Богунович ощупал карман: нет ли сухаря или кусочка сахару? Пастушенко не мог жить без кипятка, а Степанов заваривал этот кипяток подгоревшими корочками хлеба. Так командование полка «чаевничало» в штабе. Зная об этом, Мира иногда клала ему с собой сухарь и сахар.
В кармане нашлась только гильза от нагана. Возможно, мальчик, ему было лет семь-восемь, обрадовался бы гильзе, но дарить такую игрушку Богунович постеснялся. Подарил карандаш, обнаруженный в боковом кармане френча.
У мальчика загорелись глазки.
— Ух ты! — И тут же нарисовал на белой печи смешного человечка.
— Не пачкай, — строго сказала сестричка, младшая, но по-женски практичная. — Будет тебе от мамки.
— Я принесу тебе бумаги.
— Ух ты!
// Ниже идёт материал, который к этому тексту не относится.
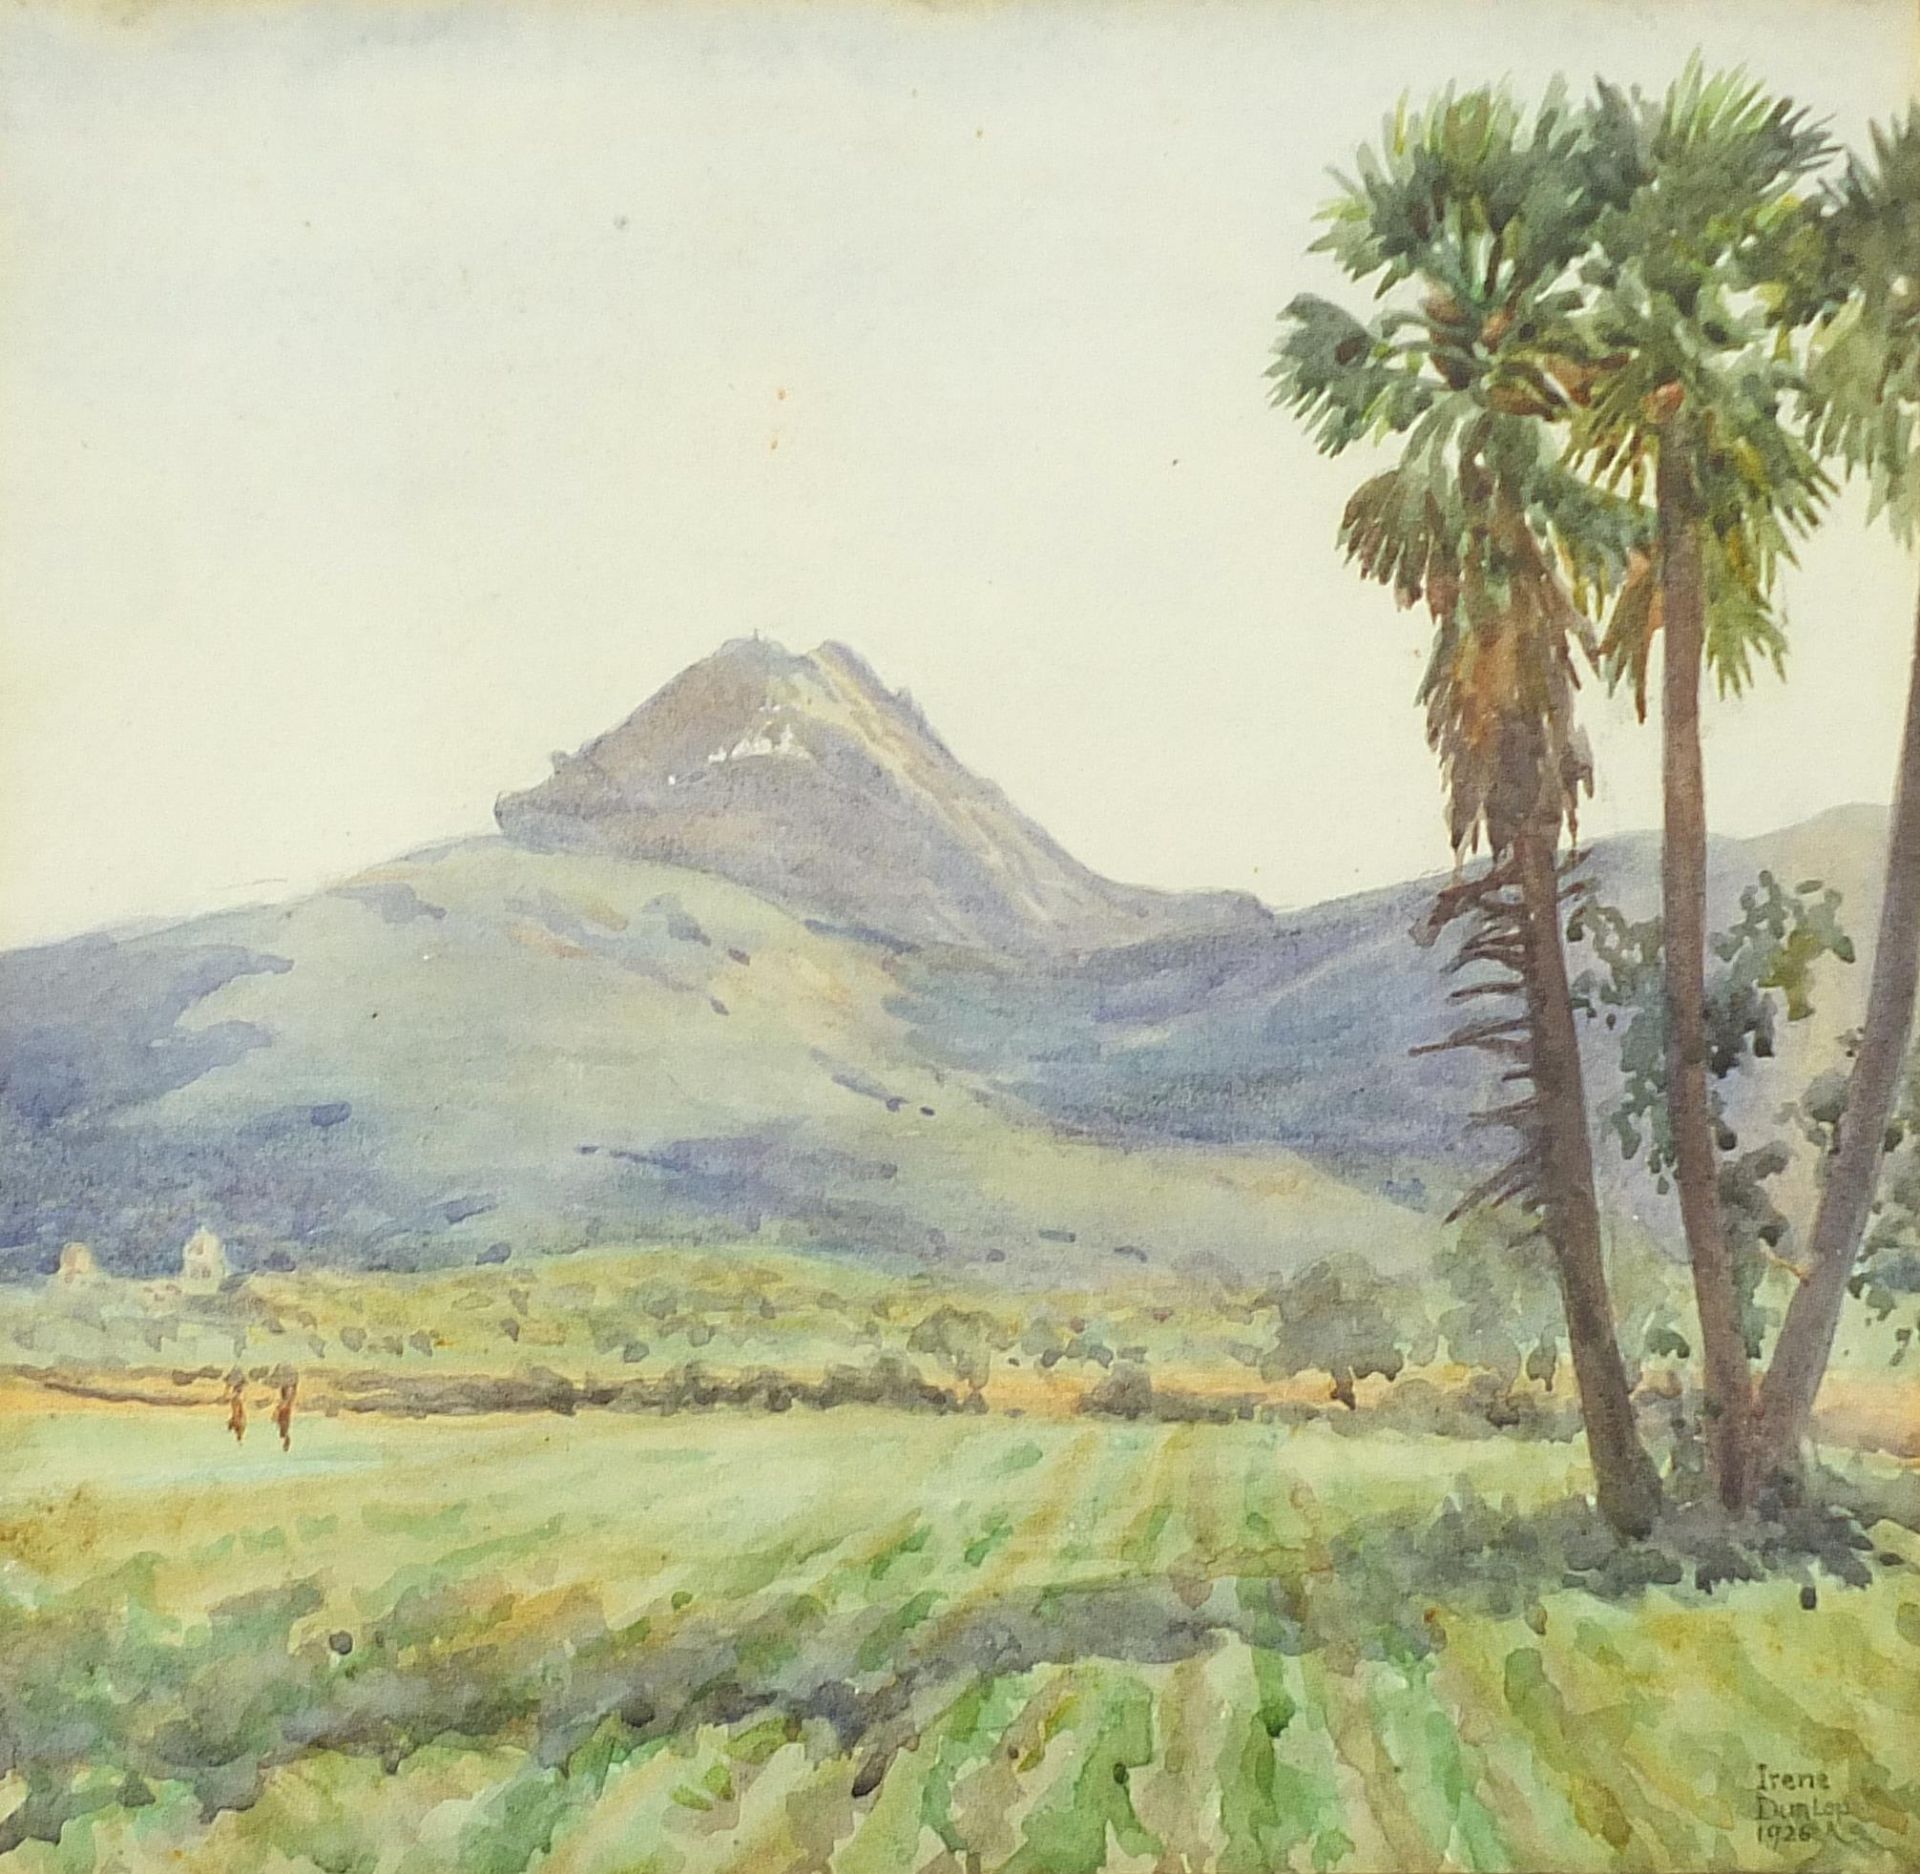 Irene Dunlop 1926 - In the Shadow of Cape Town Mountain, South African school signed watercolour,

Вот повезло! А я тебя знаю — ты командир!
— Яночка, разве ж можно так! — с мучительной неловкостью упрекнула брата младшая сестра.
У Богуновича застрял в горле соленый комок.
— Что вы строите?
— Крепость! — отвечал мальчик.
— Церкву, — пропищала самая младшая.
— Церкву! — хмыкнул строитель крепости. — Много ты знаешь. Разве церковь так строят? Дедуля Калачик сказал, что церковь разрушать будут. На дрова.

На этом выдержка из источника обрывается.